Sindisiwe had retorted that she was the station commander, not the policeman on duty. The man had been counselled against leaving his key in the lock of one of the cell doors, but he was an otherwise good police officer with a spotless record as, she reminded the smarmy agents, was she.
They had probed her about her investigations into the death of the dominee and the disappearance of the McMurtrie girl and she had told them the case was all but solved. The mine’s driver, Timothy Nyati, had left a written confession.
‘Have you spoken to his wife?’ Pretorius had asked.
The man was a fool. As if she, a colonel, would go to the home of a murderer to inform the man’s wife her criminal husband was dead. ‘One of my men did.’
‘Was she shown the alleged suicide note?’ the African sidekick asked.
‘You cannot come to Barberton and tell me how to run my investigations,’ Sindisiwe said.
‘Are there plans to search for the missing girl’s body?’ Pretorius asked.
She snorted. ‘You really do not know where you are, do you?
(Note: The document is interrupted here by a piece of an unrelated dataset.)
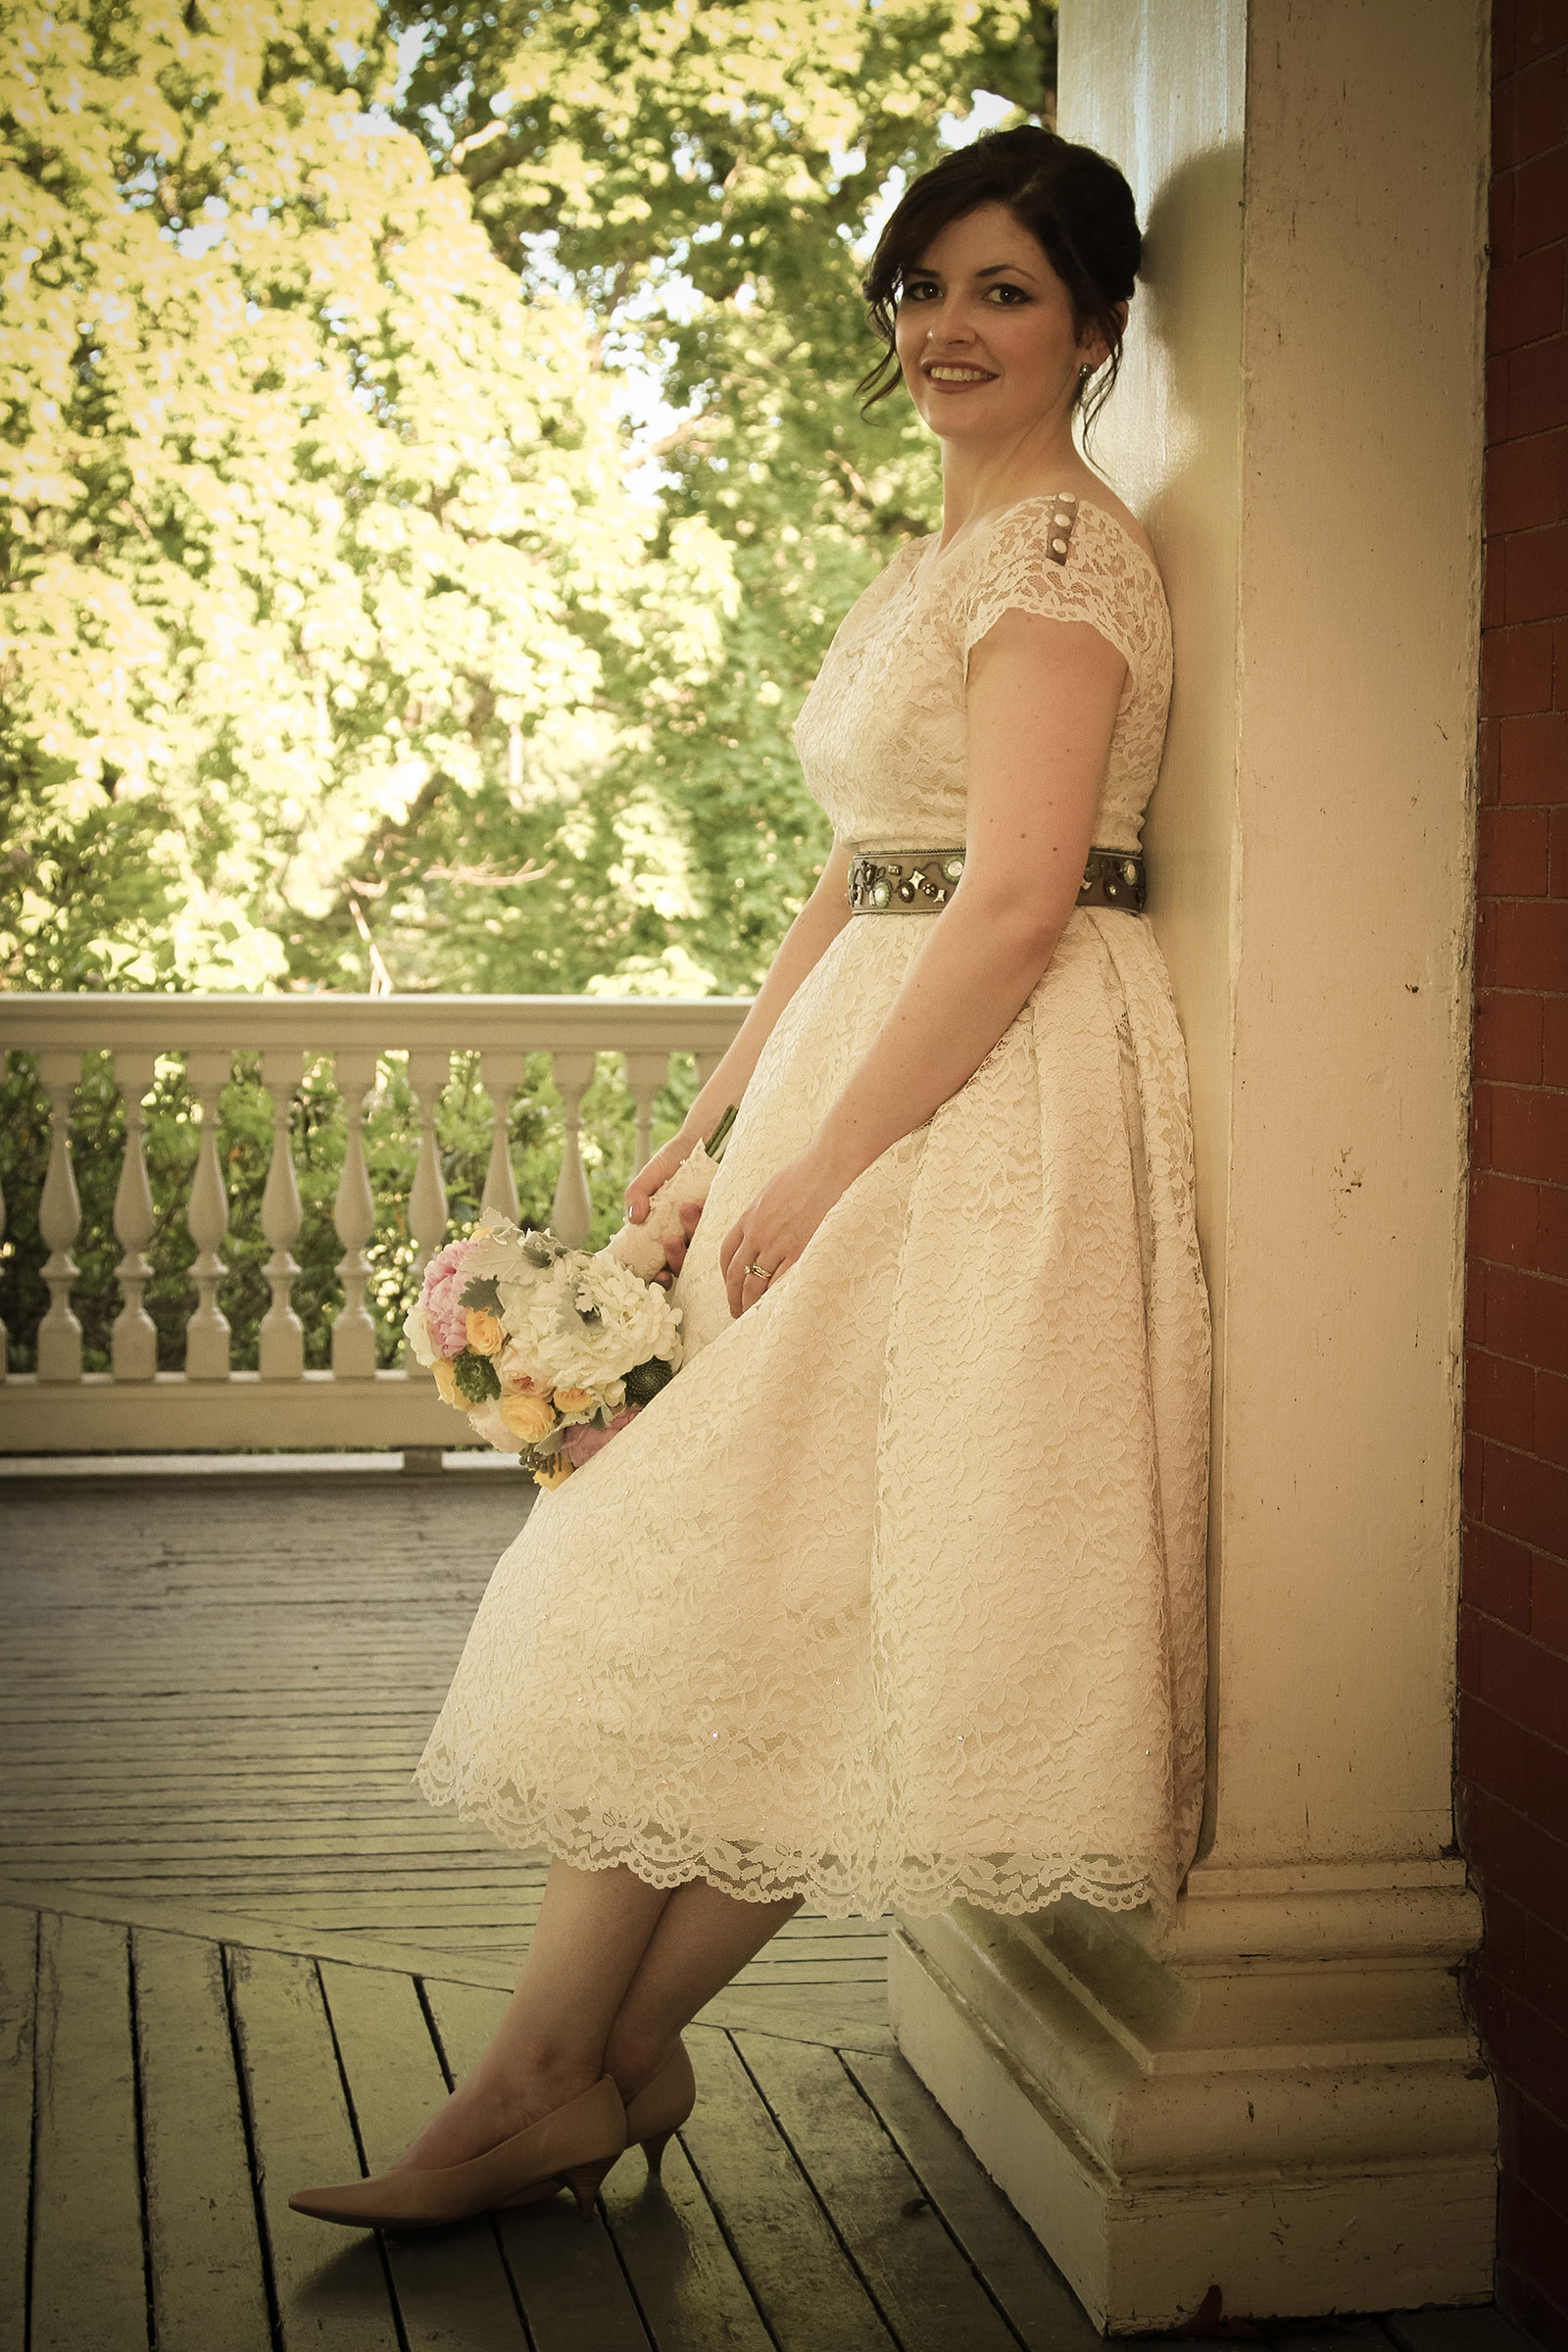 Book adele for wedding
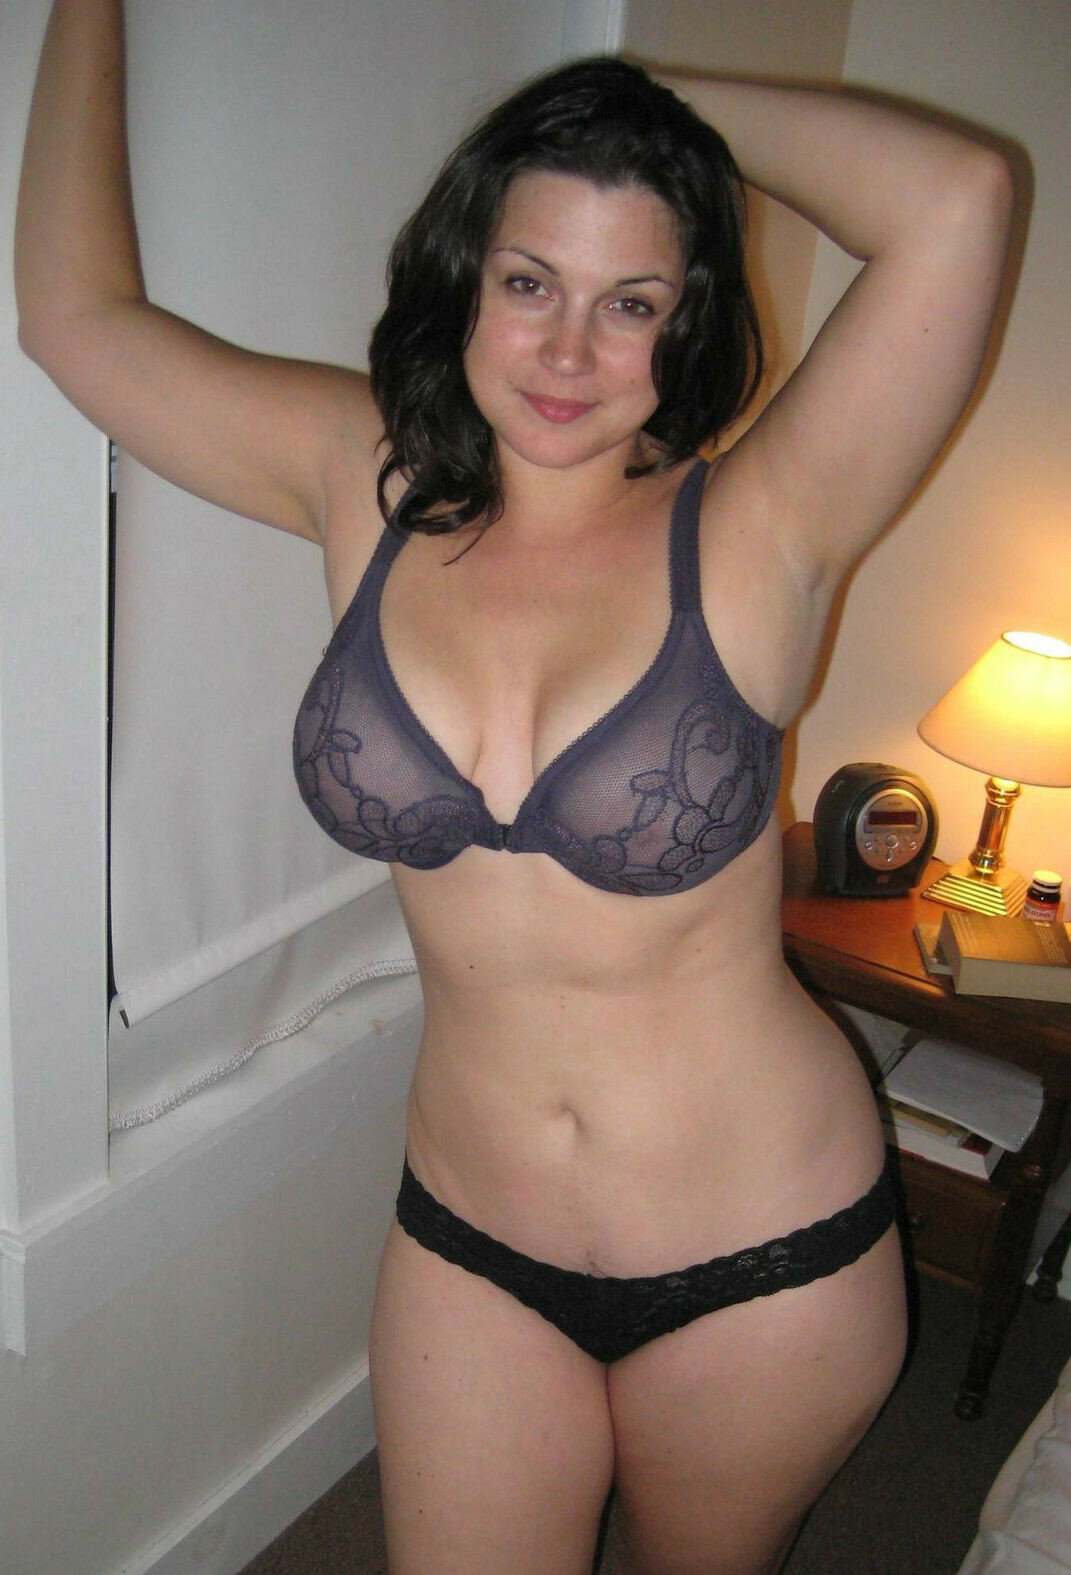 Own tit amateur mom bra torres nude

Men have been digging holes in these mountains for more than a hundred and thirty years. There are hundreds, maybe thousands of places to throw a body. We would never know where to start looking. The girl is gone, and her mother and father were both recently killed. It is a blessing, in a way.’
Pretorius had squared up to her, as if he could intimidate her like some old-regime policeman. ‘We have information, Colonel, that the abduction and alleged killing of Jessica McMurtrie, and the death of her mother, may be the result of a payback operation by Wellington Shumba, the man who is believed to be the ringleader of the illegal miners at Eureka and was last seen in your custody, after being arrested on the edge of the Kruger Park.’
She had wondered where his information had come from.
‘Unfortunately, Shumba escaped from custody before he could be charged. The same officer who allowed the others to get away on his watch has been counselled further.’
But they had stayed and, worse still, another team of police officers had arrived from Johannesburg shortly after the pair of pied Hawks. Sindisiwe felt professionally insulted that the commissioner in Joburg had sent a team from a new specialist mine-security unit to go underground in search of the missing girl. It was all for PR, she knew. There was no way they would find Jessica McMurtrie, certainly not by making a full-frontal assault down into the mine via the cage. Wellington would have the girl well hidden in his labyrinth. Even though she had deliberately not agreed to any requests from Eureka for police operations to be mounted underground, she still felt slighted that the commissioner had sent his own team.